Mr Johnston said that the developments highlight their commitment to Carnoustie and to creating new local jobs.

He added, “We are a major employer in the area and we’ve always wanted to employ local people and we’ve a very good staff throughout the complex.

“My aim now is to go forward, expand the hotel...and give a boost to the local community in the process."

Future of golf hotel swings in the balance

Millionaire behind luxury development for Carnoustie links liquidates other assets

Alan Gill, Scotland on Sunday, 7 February, 1999

This summer, when Carnoustie hosts its first Open Championship for 24 years, the famous club plans to celebrate its return to the international golf circuit with the opening of a £6m hotel overlooking the 18th green.

But a question mark hangs over the future of the hotel, whose board members include Scotland’s former lord advocate, Lord Fraser of Carmyllie.

The millionaire behind the project has been forced to liquidate part of his business empire, owing creditors hundreds of thousands of pounds. Michael Johnston, a former Dundee plumber who has become one of Scotland’s most successful property developers, has folded his Buster’s chain of fish and chip restaurants with debts of £350,000. Johnston has lost a personal shareholding worth more than £2m in the collapse.

George Lamont, a former councilIor who resigned from Angus Council over allegations of secrecy surrounding the hotel development, was astonished at the news. “His [Johnston’s] commercialism must be suspect. Is he going to go bankrupt? The builders have been sailing pretty dose to the wind to complete in time for the Open and now this has cropped up to add even more doubt. I am flabbergasted.

The Buster’s restaurants in Dundee, Newcastle and Manchester closed last year with the loss of 150 jobs.
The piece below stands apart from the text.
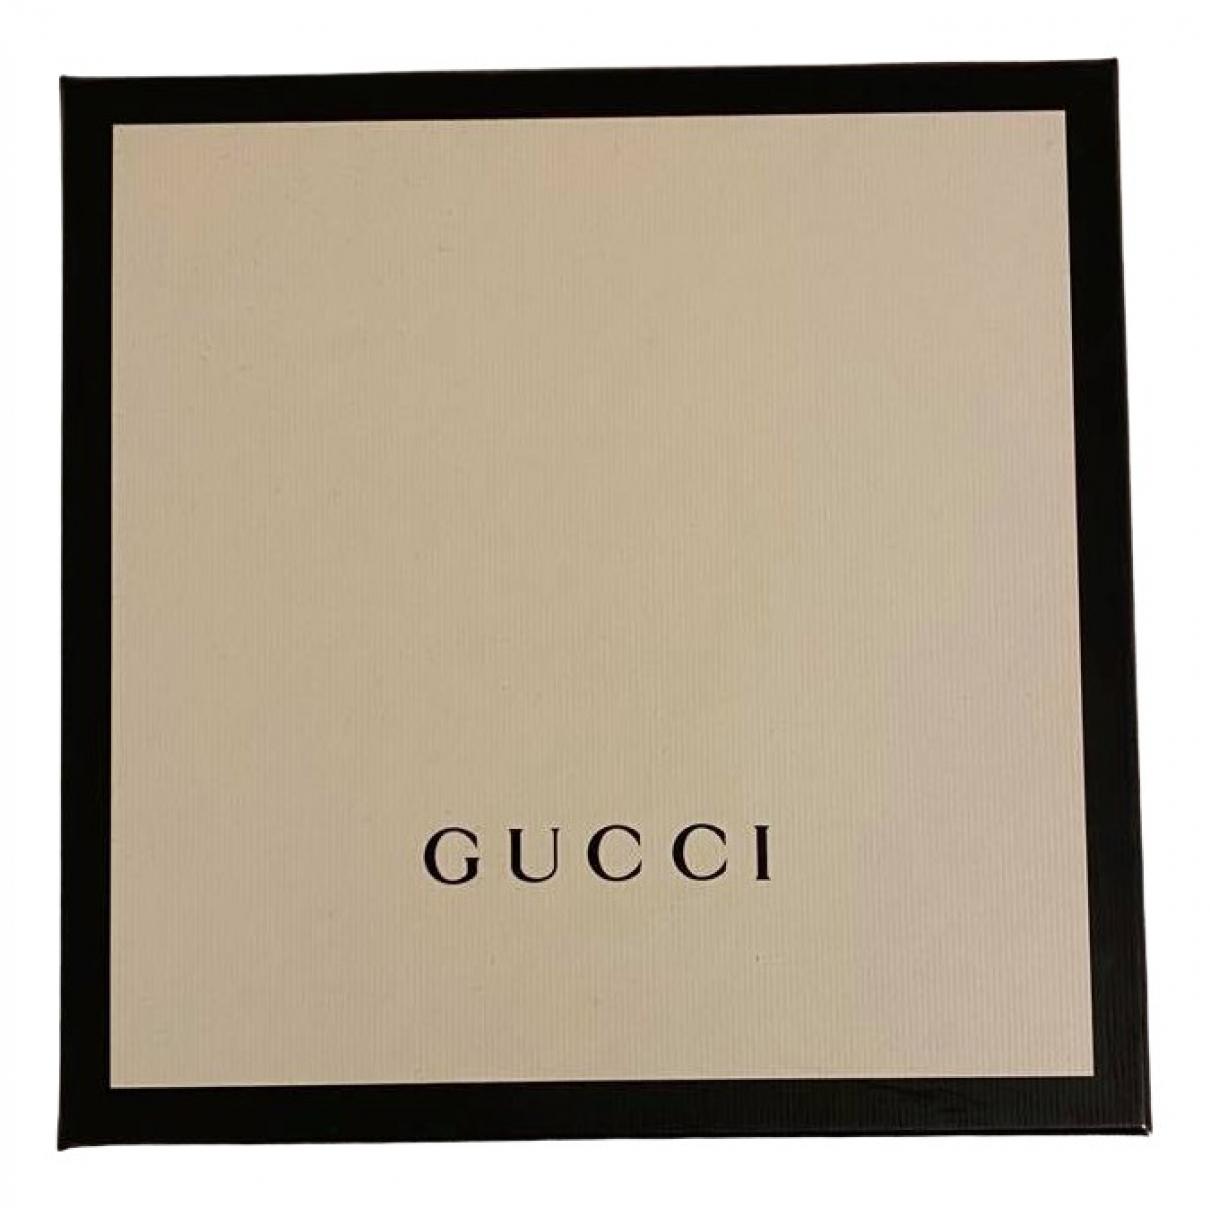 Objeto de decoracion Gucci

No buyer was found and the assets of the business are now being sold off at rock-bottom prices. The creditors have virtually no chance of getting their money back.

One of them is Andrew Nicoll, whose Dundee architects firm carried out work on the restaurants. “We have lost tens of thousands of pounds and I don’t think our chances of recovering any of it are very good. This is not some small trader who has experienced bad luck. This is a wealthy businessman who has decided to pull the plug on one of his companies. It is not good practice and the law should be tightened up to plug these loopholes.”

It is not the first time misfortune has struck Johnston. A shop-fitting business firm he owned, lBS Ltd, was wound up in 1996 with debts of £600,000. Jim Fyffe was one of Johnston’s creditors.

“I had a firm which made suspended ceilings. We did work for him in one of his cinemas and he took us for £21,000 when lBS folded. I never got a penny.”

The first restaurant opened in Stacks leisure park in Dundee on the former site of Camperdown jute works, which Johnston transformed into a housing and leisure complex. It was that deal which created him an estimated £14m fortune and all the trappings of wealth. He has his own aeroplane and a fleet of expensive cars, including a £450,000 Ferrari.

His company has persuaded the Carnoustie Golf Links Management Committee to surrender its famous ‘Craw’s Nest’ logo and the title Carnoustie Golf Links as part of the contract to build the 85-bedroom hotel, which will double as the clubhouse.

So Johnston will be able to market the logo worldwide, taking advantage of the massive exposure the Open Championship will bestow.

He will also receive £75,000 a year from the committee for rental of office premises within the hotel - despite the fact that the golf club made a donation of £300,000 towards the cost of building the hotel.

Meanwhile, Lord Fraser, who became a non-executive director of the hotel last year, was not perturbed by the news. “I don’t actually see that there is any question over the viability of the hotel and there not being enough money to complete it.”

When Scotland on Sunday attempted to contact Mr Johnston there was no response to our phone calls and no-one was at home when we visited his new £250,000 bungalow on the outskirts of Dundee.